Seplat is a leading Nigerian indigenous oil and gas company listed on both the Nigeria Stock Exchange and London Stock Exchange.
“We are naturally very pleased with today’s ruling, not least because it means we are now free to deploy our proven operating expertise to realise the significant reserve, production and value potential these blocks hold.
“To give an idea of scale, we estimate these blocks to hold recoverable volumes of around 200 million barrels of oil equivalent to Seplat, a material volume by any standard and one which has now been unlocked for us,” said Austin Avuru, Seplat’s Chief Executive Officer.
“OML 53 fits neatly within our strategy of securing, commercialising and monetising natural gas in the Niger Delta to supply the rapidly growing domestic market and will further reinforce our position as a preeminent supplier of gas in Nigeria.
“OML 55 provides us with a number of attractive opportunities to boost oil and gas output, and is consistent with our strategy of prioritising assets that offer near-term production growth, cash-flow and reserve replacement potential in the onshore and shallow water offshore areas of Nigeria,” he added.
In Supreme Court judgment on Friday, Justice Syvester Ngwuta who read the lead judgment said the prayer brought to the apex court by the appellant, through its lawyer, Rickey Tarfa SAN lacked merit.
The lead judgment noted that the crux of the appeal is a simple matter of life span of an interim order noting that counsel to the appellant overblew the issues.
The court then adopted the five issues distilled by the appellant for determination resolving all the issues against the appellant. It noted that the appeal lacked merit and accordingly, dismissed same . In addition, a cost of 100 k each is awarded to each of respondents to be paid by the appellant.
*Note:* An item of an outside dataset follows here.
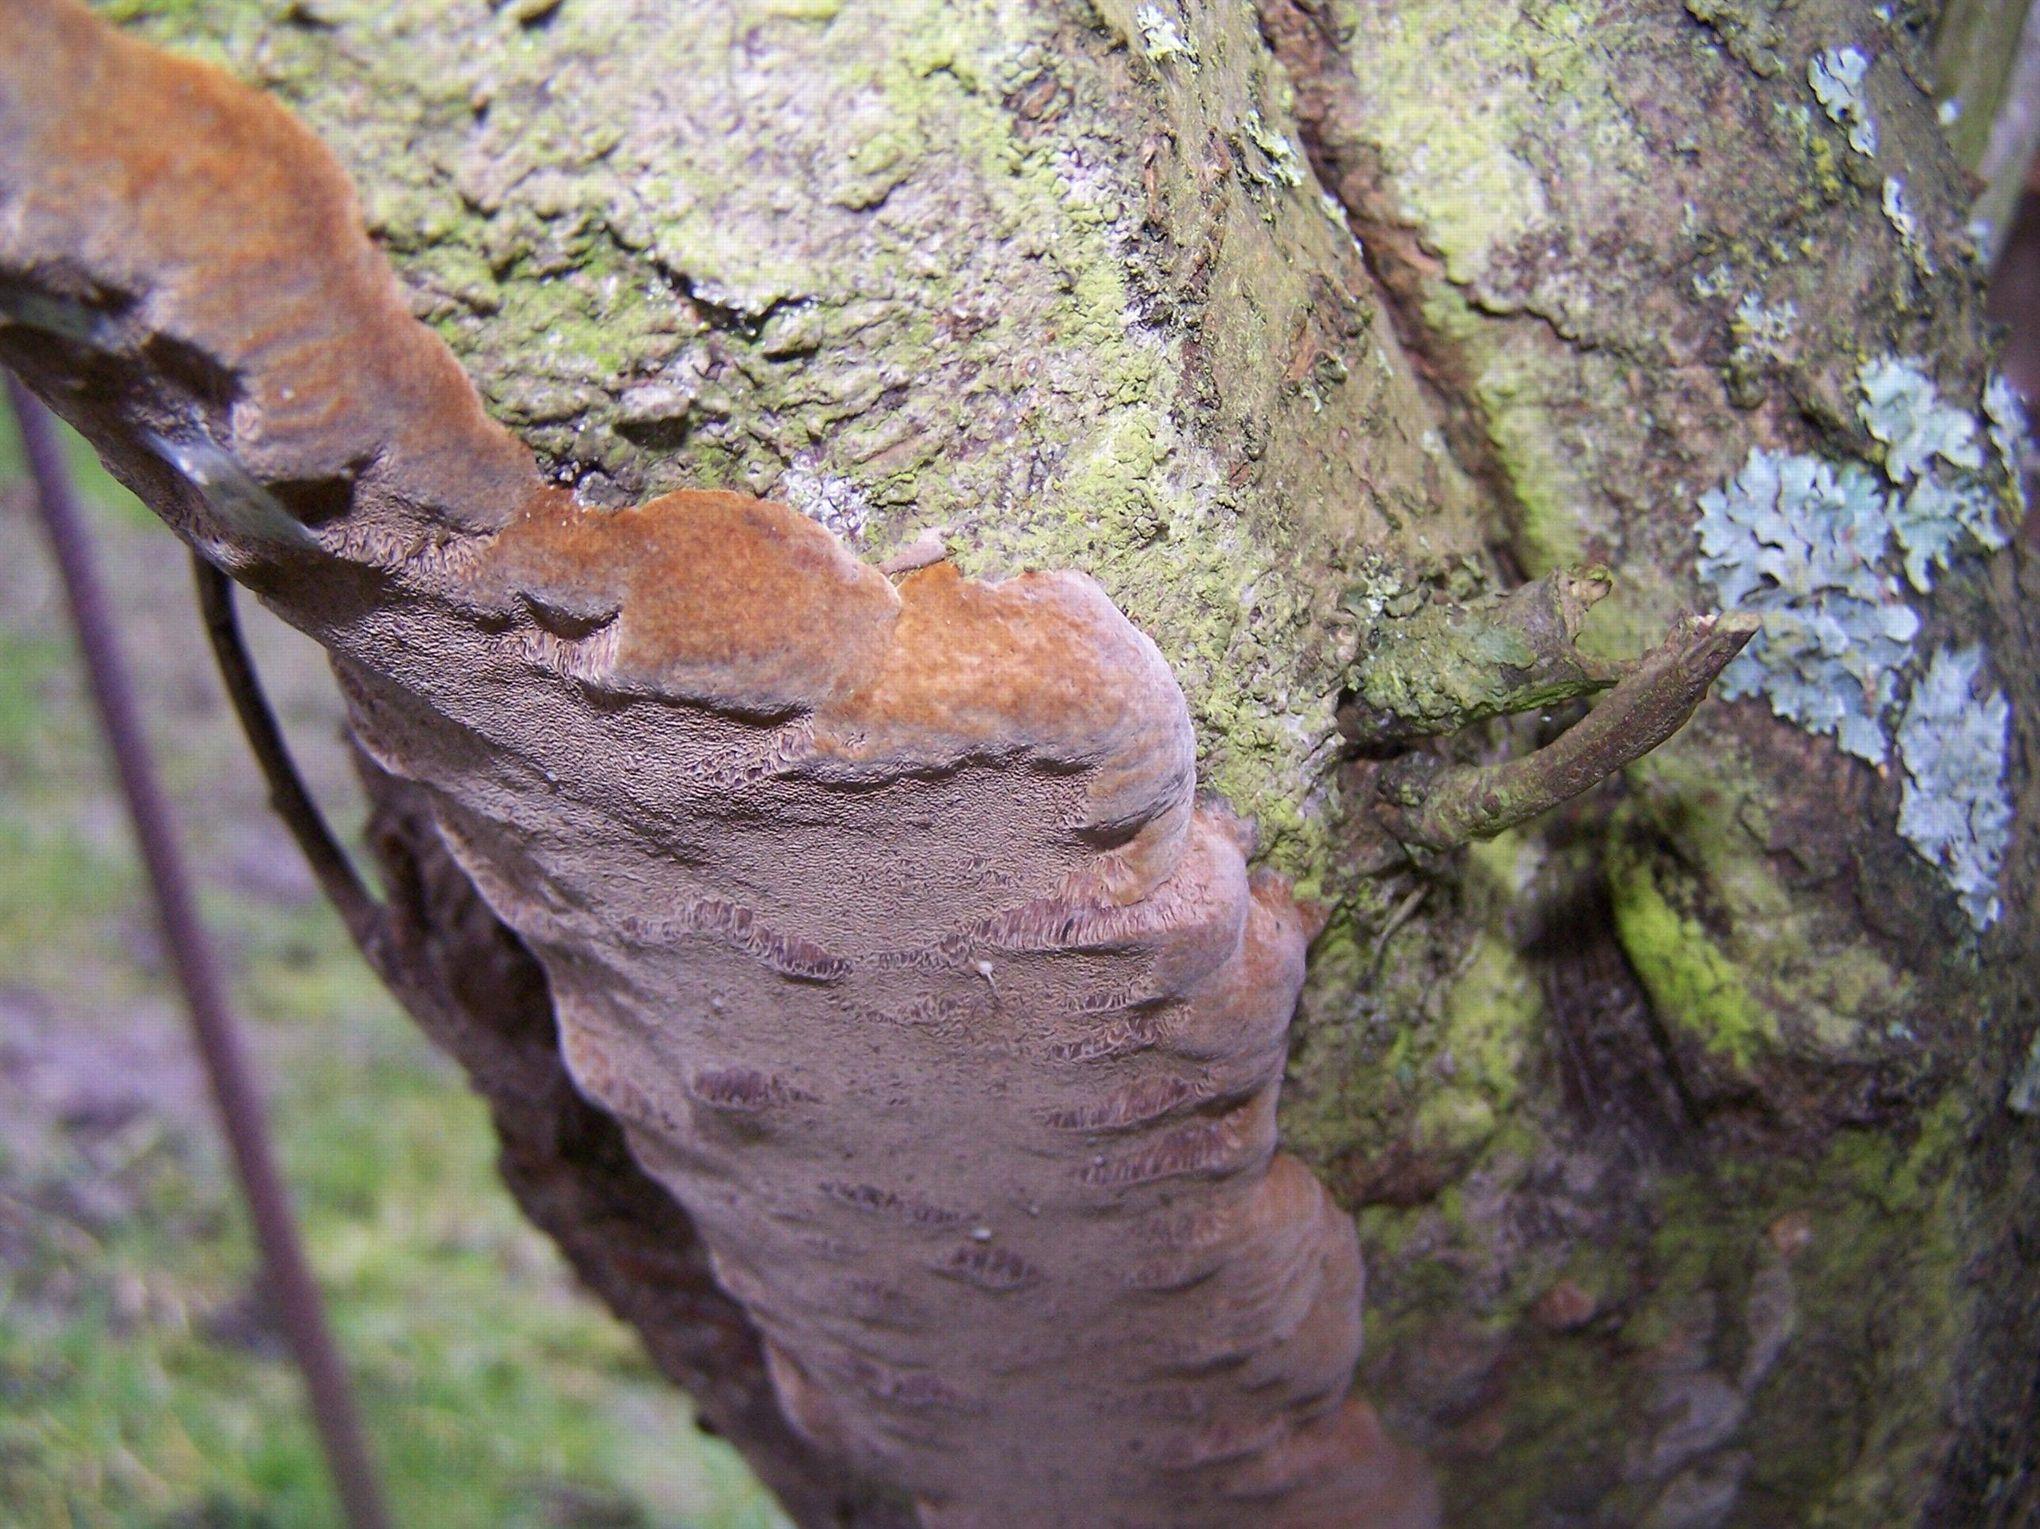 Arbre Fruitier D Intérieur comment soigner un prunier envahi de champignons ?

All justices on the panel for this matter assented to the judgment and the consequential award against the appellant.
Seplat Petroleum Development Company and the other respondents are yet to respond formally to the judgment.
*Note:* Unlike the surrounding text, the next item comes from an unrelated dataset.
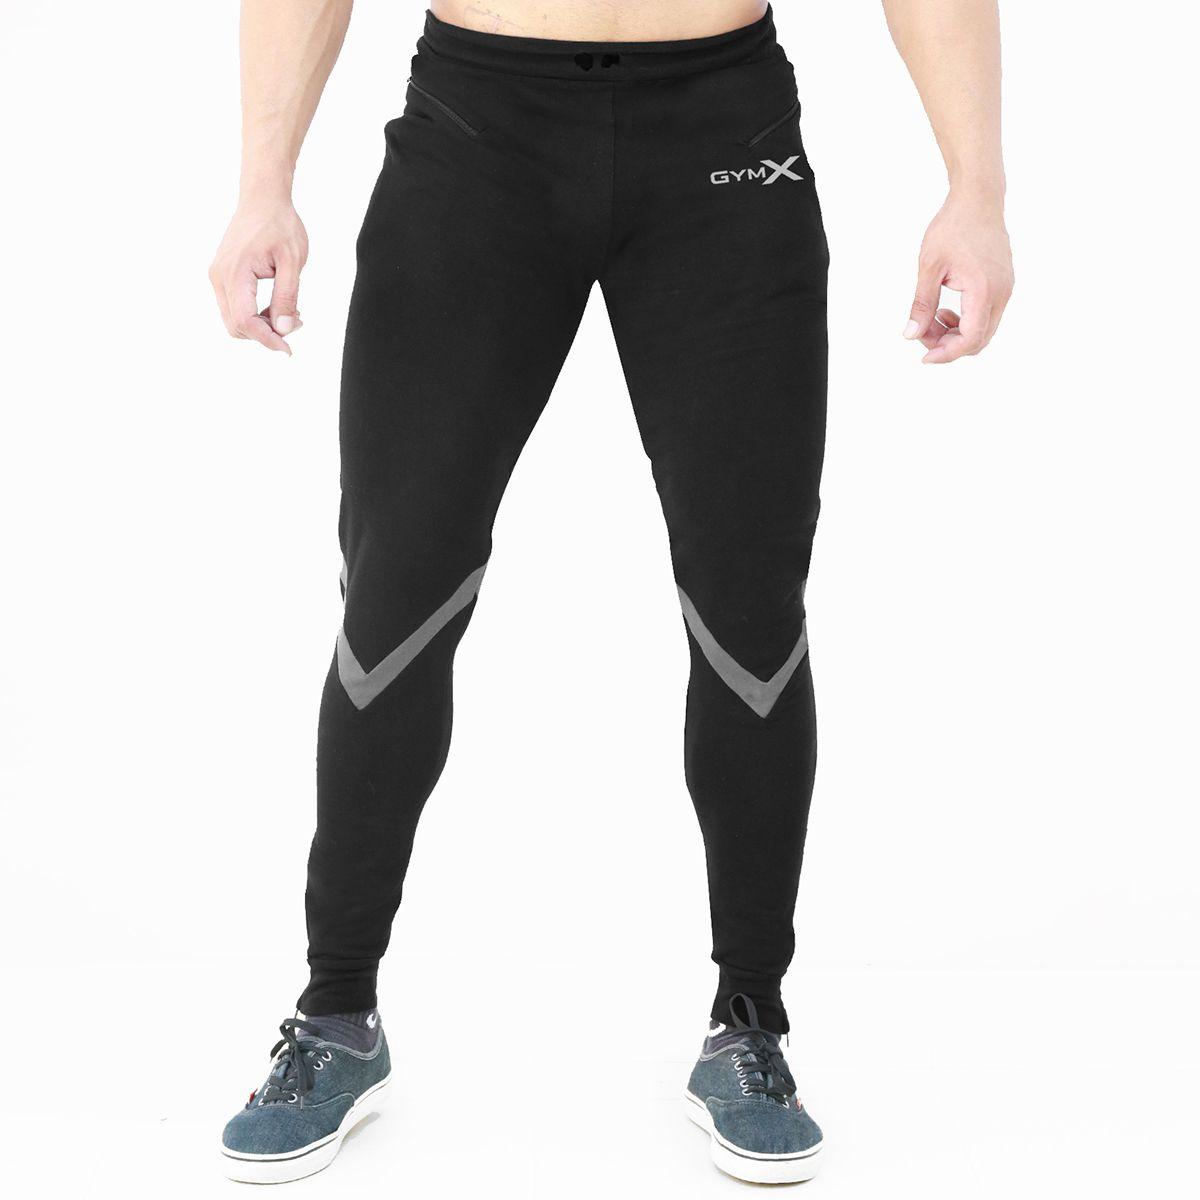 GymX Mens Valour Iconic Black Sweatpants (Flex Fit)

Recalled that in August 2013, Chevron put up three acreages, OMLs 52, 53 and 55 for sale. In putting up the bid, Chevron had announced its intention of selling the three OMLs to one preferred bidder not necessarily the highest bidder.
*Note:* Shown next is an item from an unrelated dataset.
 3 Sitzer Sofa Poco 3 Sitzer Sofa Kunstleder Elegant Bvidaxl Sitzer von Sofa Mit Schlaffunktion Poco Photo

After the first bid round, 30 bidders emerged. Chevron made a shortlist and when the sealed bids were opened, Britannia U had bid $1.6bn which the company later revised to $1.015bn.
The Seplat consortium with a bid of $800m was declared the preferred bidder and signed SPA Nov 28, 2014. The Seplat Consortium comprised Seplat and Amni with Belema joining the consortium subsequently.
Brittania U was however insistent that Chevron should declare it bid winner and sought an injunction restraining Chevron from concluding the sale to the Seplat Consortium.
The company approached a Federal High Court sitting in Lagos which granted an interlocutory injunction and further granted an extension while the issue of jurisdiction was pending.
Following the extension of the injunction, Seplat and its consortium partners went to the Appeal court on June 20, 2014 to challenge the High court’s injunction.
The Appeal court ruled in Seplat’s favour and vacated the injunction reasoning that the life of the interim order could not be extended, while the jurisdiction of the Federal High Court was being challenged.
Not satisfied with the Appeal Court’s ruling, Brittania U went to the Supreme Court to contest the appeal.